To do: Among the entries below, take the line with "Gotham Knights is" and the line with "ROLLING STONES '14", and output them and every line between them exactly, with nothing else.
[Working data — start]
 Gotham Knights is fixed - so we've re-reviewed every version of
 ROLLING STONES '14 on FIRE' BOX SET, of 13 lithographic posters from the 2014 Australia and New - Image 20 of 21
[Working data — finish]
[Working data — start]
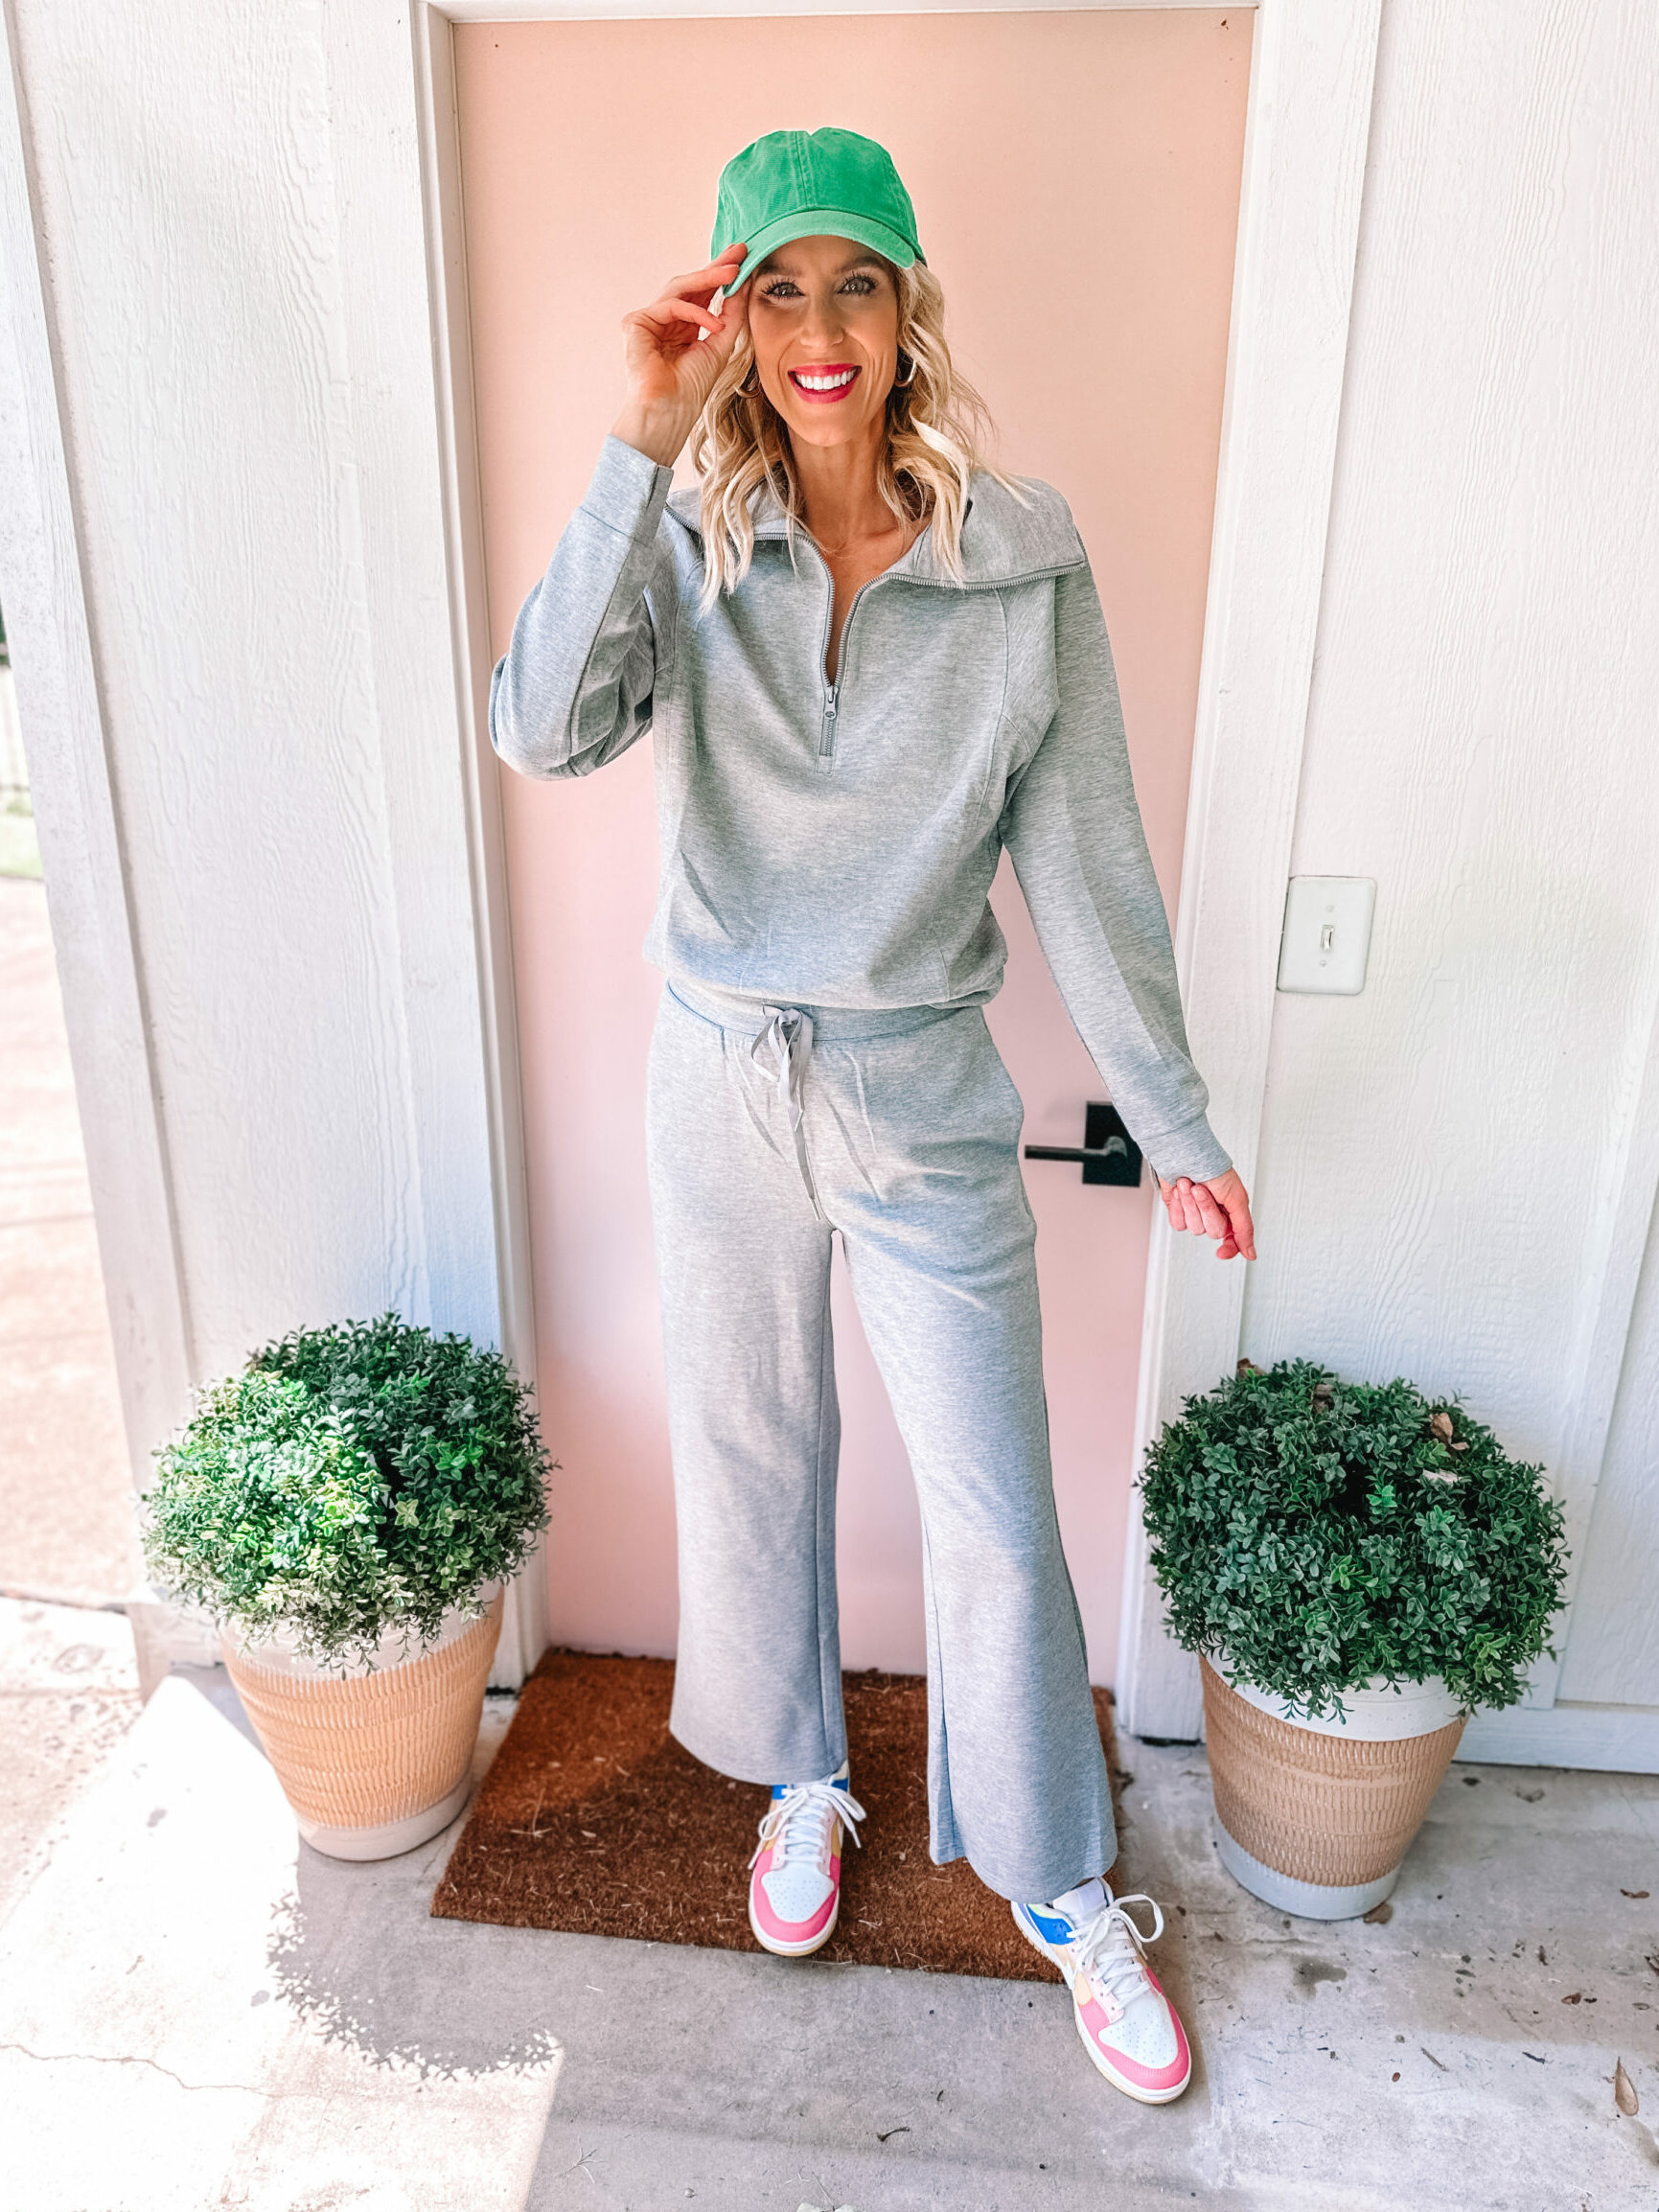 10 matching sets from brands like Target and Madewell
[Working data — finish]
Written response:
 Gotham Knights is fixed - so we've re-reviewed every version of
 ROLLING STONES '14 on FIRE' BOX SET, of 13 lithographic posters from the 2014 Australia and New - Image 20 of 21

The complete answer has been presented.